Hello, all, coach Jeremy here. Welcome to my lair…. bwahahahahahaha
This blog is primarily aimed at Apex Gymnasts and parents, though I welcome anybody who happens to be interested in the content. My primary goal with this blog is to share some level of technical knowledge with the parents and gymnasts. In short, I want to help parents and gymnasts to understand why we do what we do. If I’m getting too technical (or not technical enough), feel free to let me know.
I have a number of these already written, and I will be posting those on a weekly basis. Once I run out of already-written material, I’ll probably scale back to posting about once every whenever-I-feel-like-it. I may also occasionally feature guest columns by other Apex coaches.
Anyway, without further ado, I’m going to kick this off with a discussion of the most important skill in the entire sport of gymnastics: the handstand.

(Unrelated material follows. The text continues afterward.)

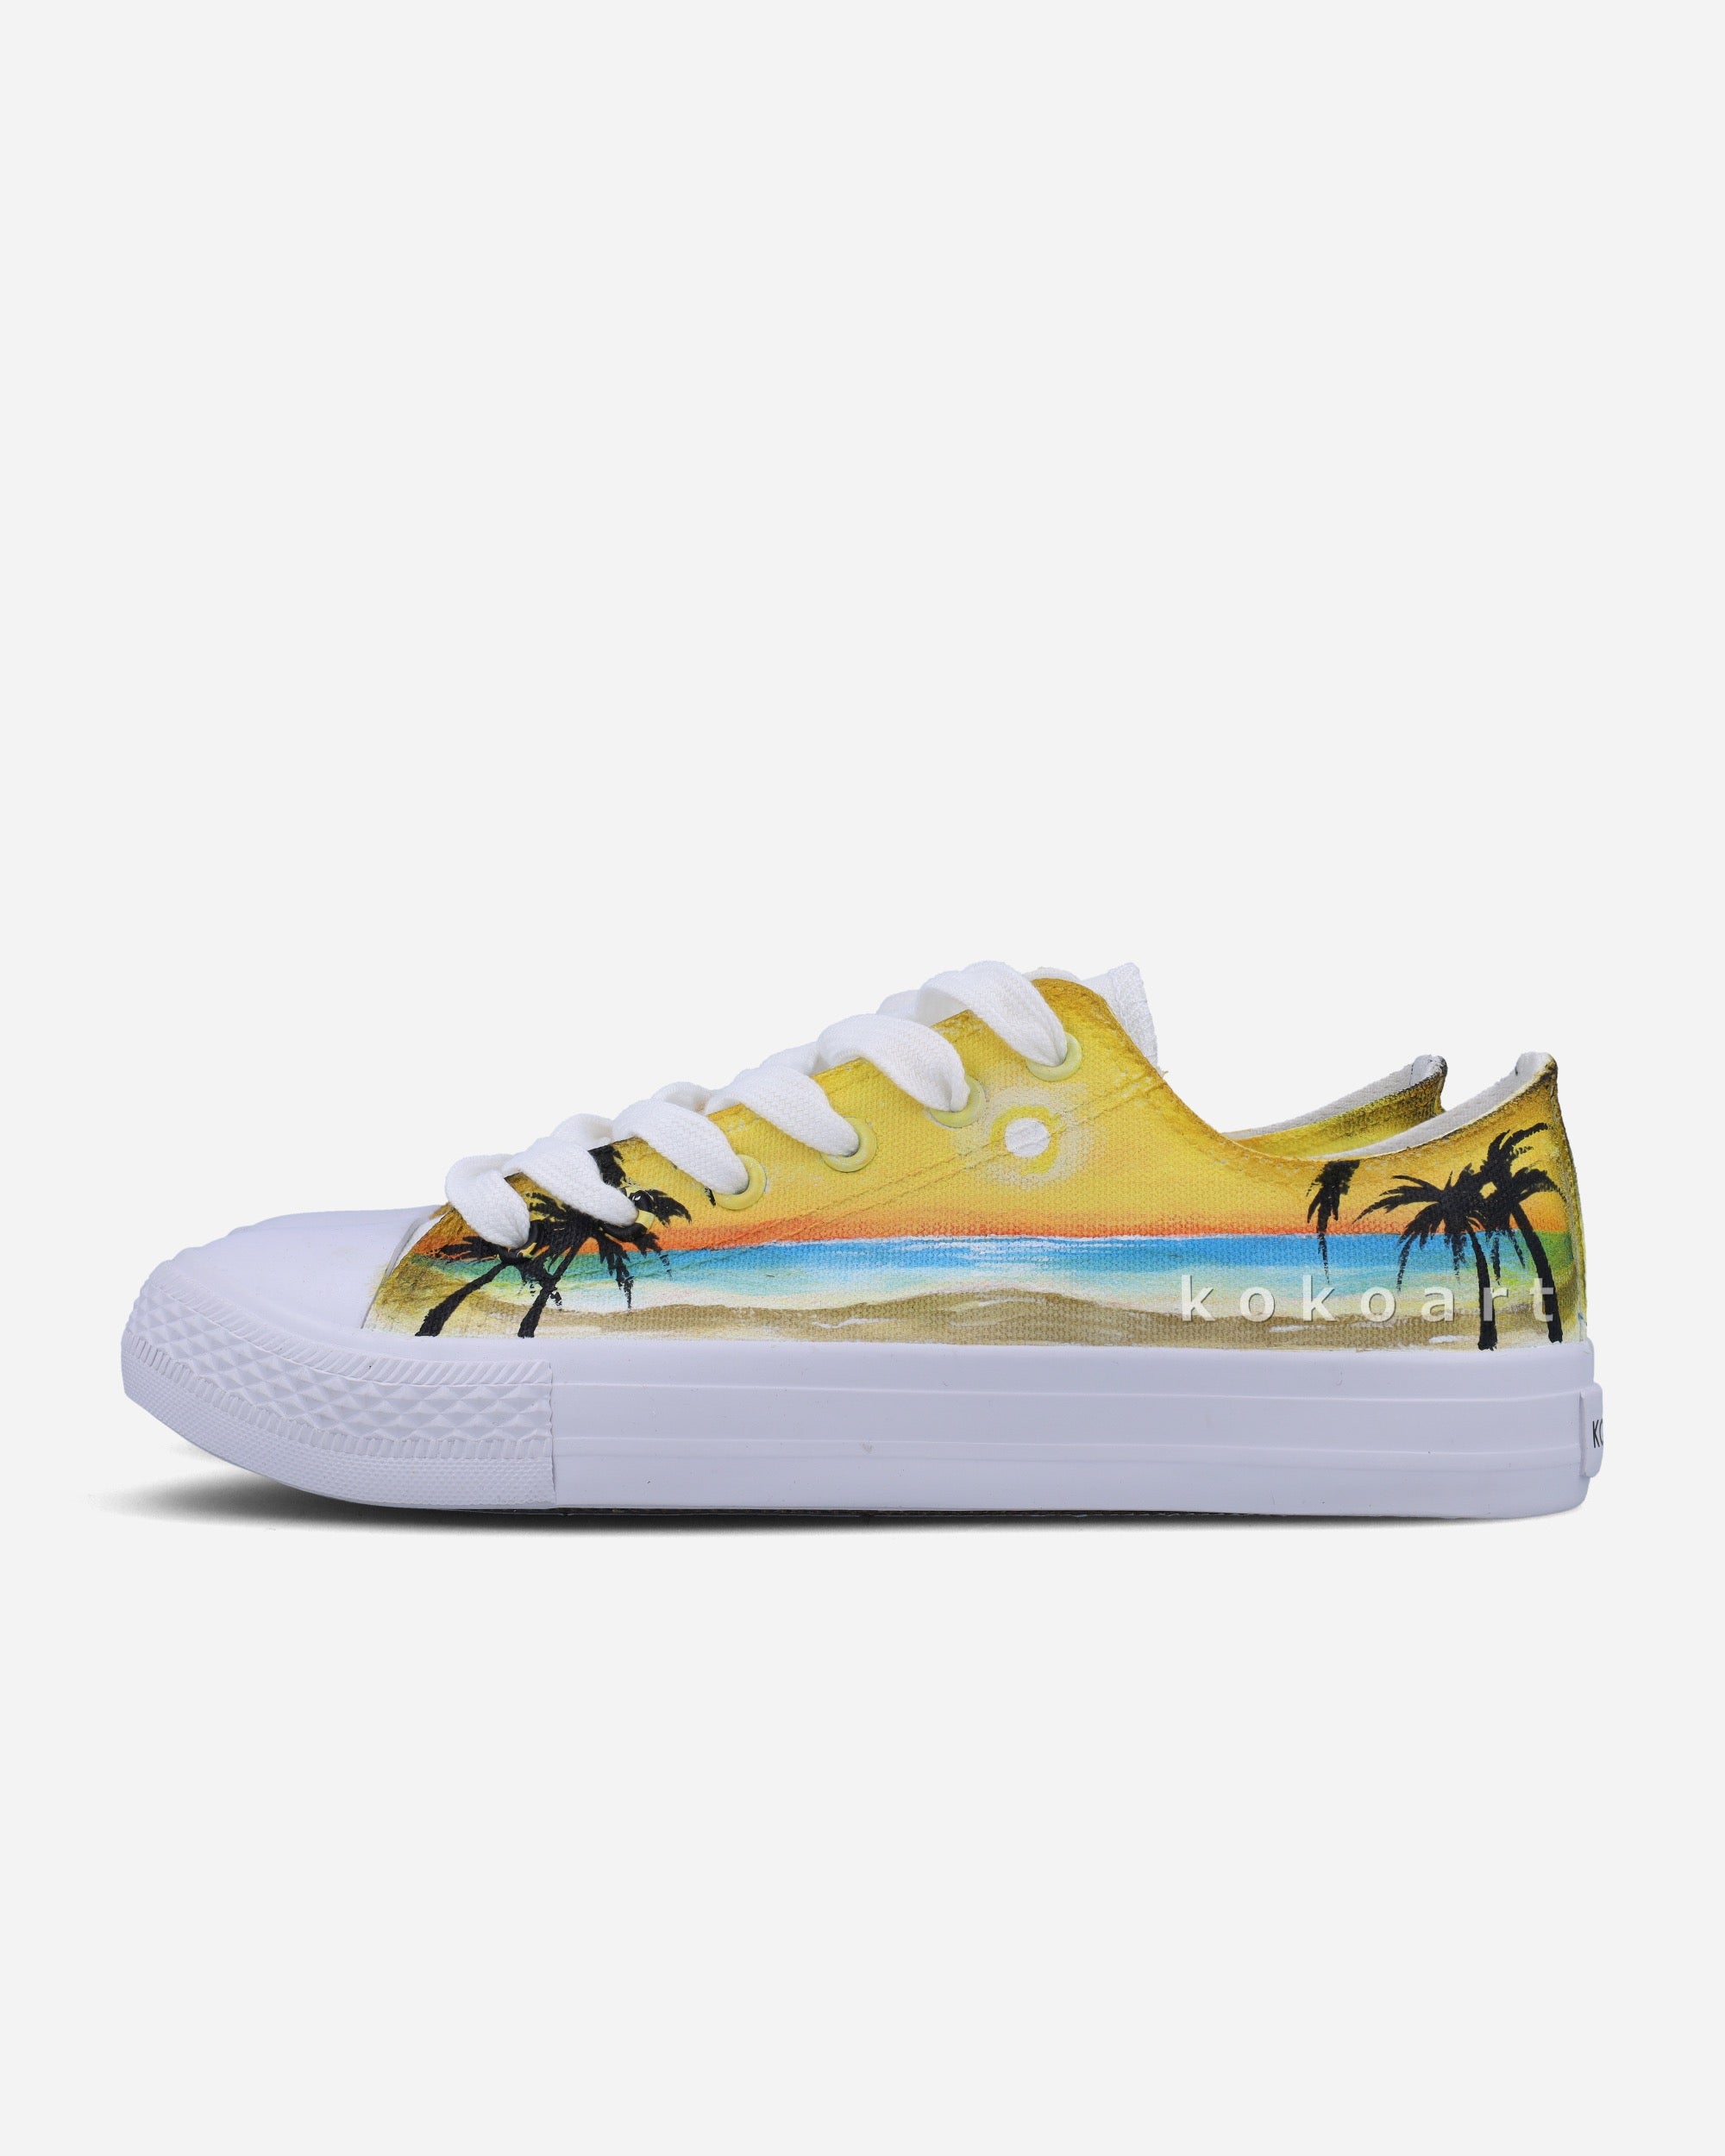 Sunset Beach with Palm Trees Hand Painted Shoes - KOKO ART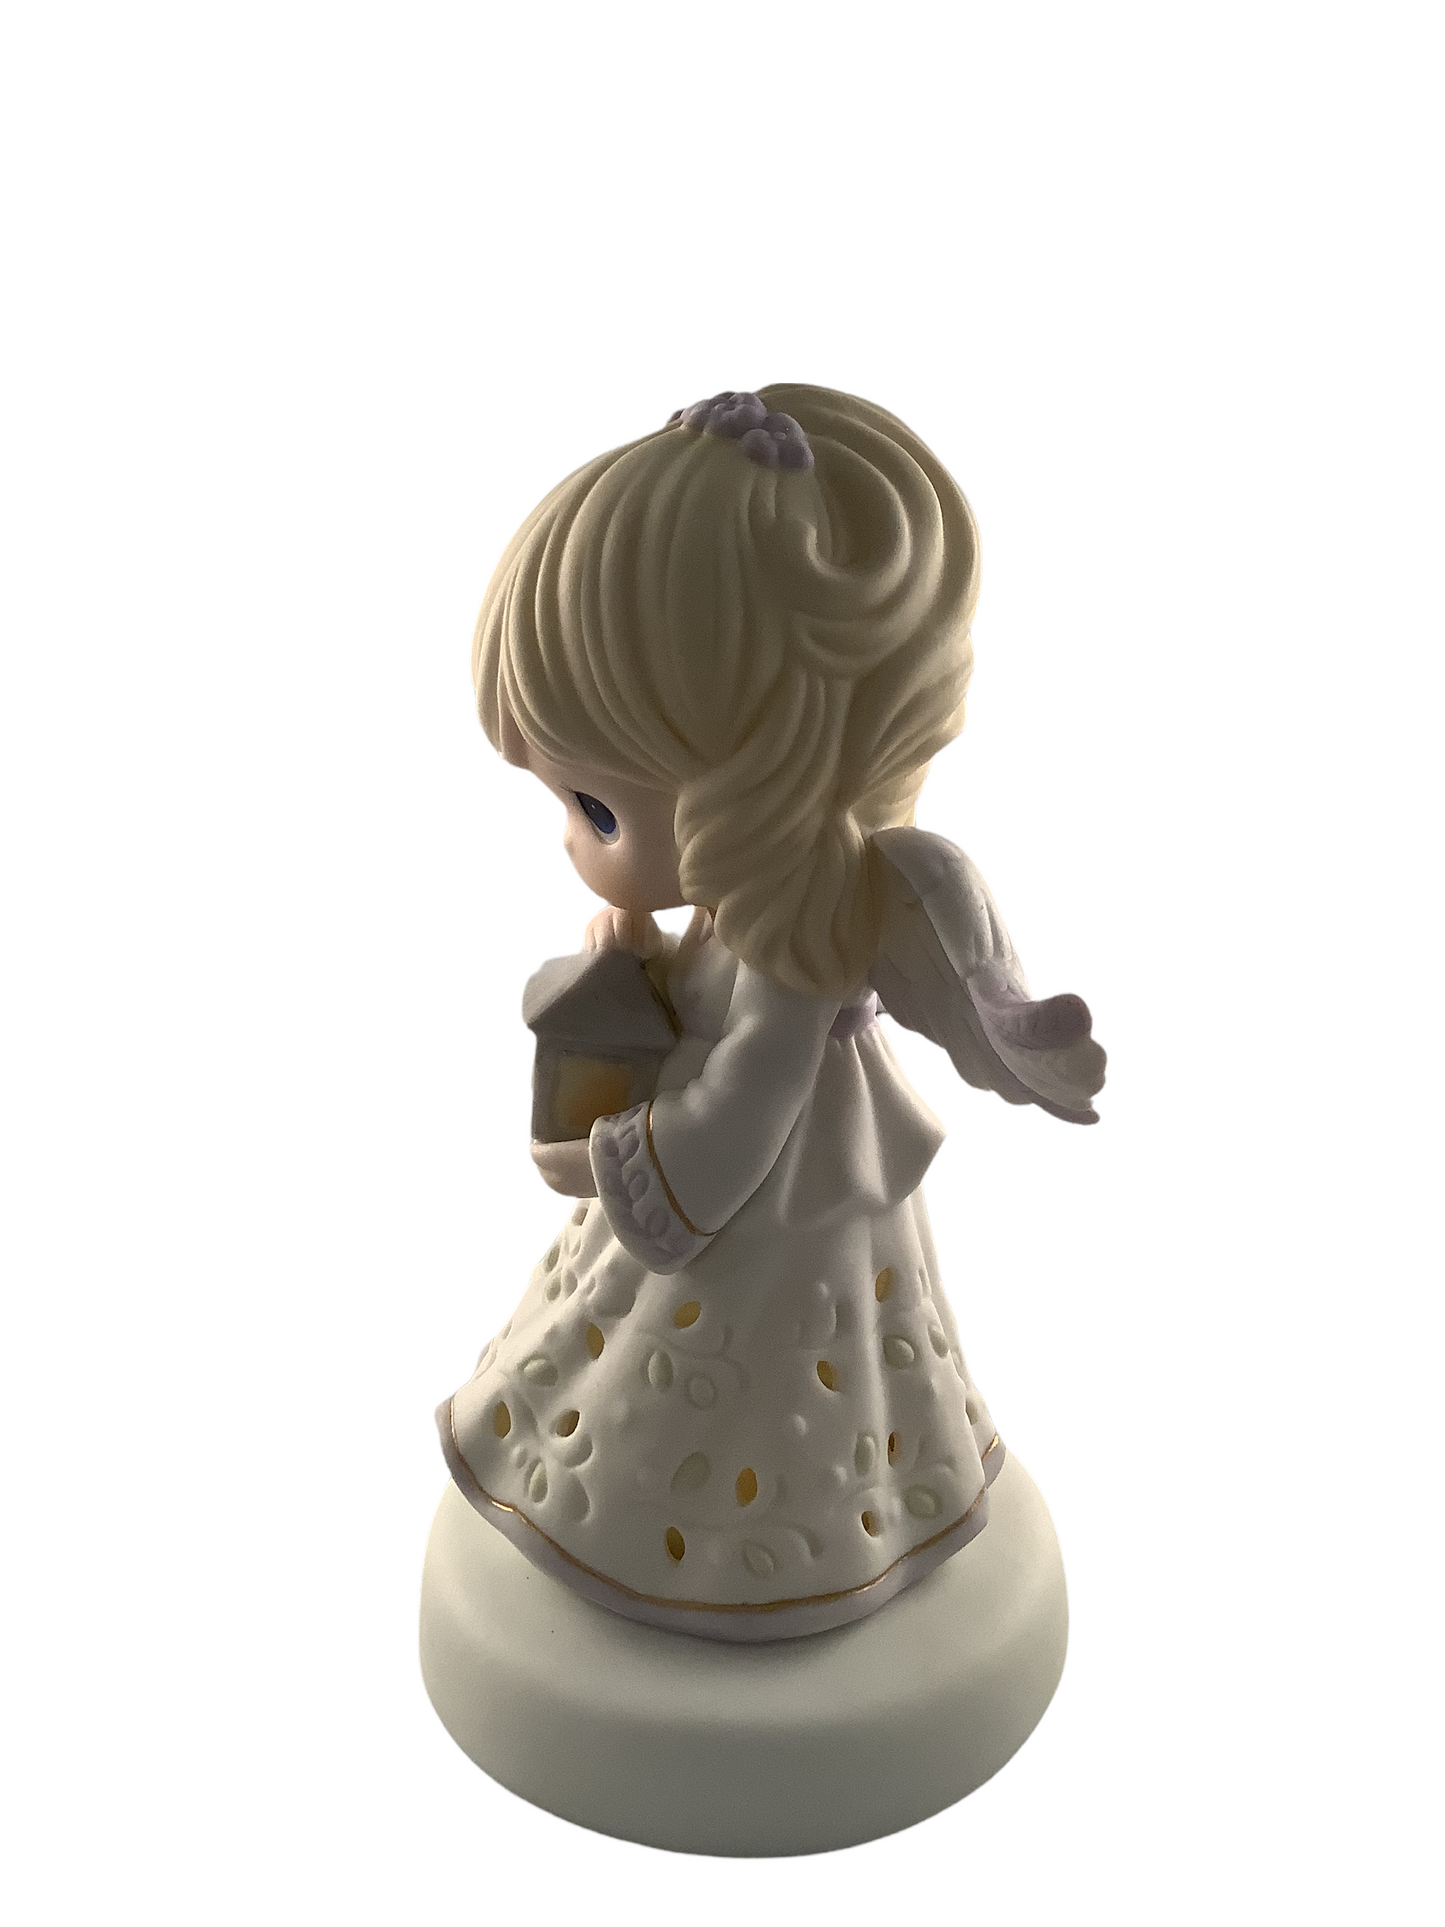 Bright Is The Path Of The Faithful - Precious Moment Figurine

Virtually every gymnastics skill is in some way based on the handstand. In many cases this link is quite obvious, such as in the giant swing on bars (a swing to handstand) or the cartwheel on floor (a kick with a quarter turn to straddled handstand continuing through to stand in lunge). In other cases, the link is less obvious but equally important, such as in a back somersault on floor (in which a strong takeoff requires the body to be extended and rigid, just as in a handstand).
A common misconception is that the primary goal of a handstand is to hold as long as possible; this is not the primary goal, but rather the secondary one. The primary goal is to achieve the straightest possible body line. In an ideal handstand, a perfectly straight line could be drawn from the wrists through the shoulders, spine, hips, and knees, all the way to the tips of the toes. The head should be either completely neutral or slightly tilted back but still kept between the arms to preserve a straight body line.
Such a position is endlessly useful in the development of high-level skills. Its rigidity allows the body’s movement to be easily predicted and manipulated. Its precise alignment allows the body to tolerate heavy loads and impacts without excessive stress on the lower back. Its shoulder extension allows for a natural and easy spring action, providing for powerful tumbling and vaulting. Its small turning radius about the longitudinal axis allows for easy pirouettes (and eventually, with modifications, twisting somersaults).
The most common error in handstands among gymnasts is a bend in the shoulders and an arch in the lower back. This causes a banana-shaped handstand. Though it is counterintuitive, an arched back is usually not the cause of the problem, but the result. In such instances, the real problem is a lack of shoulder extension. If the gymnast’s shoulders bend, the gymnast’s weight is pulled too far behind the hands; in order to maintain the handstand’s balance, the gymnast arches her back to bring her legs back over her hands. While this will not necessarily bring all further skill development to a complete stop, it will certainly slow the process down.
The primary cause of this problem is almost always shoulder flexibility. This fully extended position through the shoulders is one that we as humans seldom hit in our day-to-day lives. For a beginning gymnast, this may be the first time in her entire life that she has had to hold weight on fully extended shoulders. Because of this, such a lack of functional flexibility is extremely common – off the top of my head, I’d say about 90% of beginning female gymnasts I’ve worked with and nearly all beginning male gymnasts have had this problem. Even higher-level gymnasts often encounter this issue, as it is common for gymnasts between 10 and 14 to lose substantial flexibility as they grow.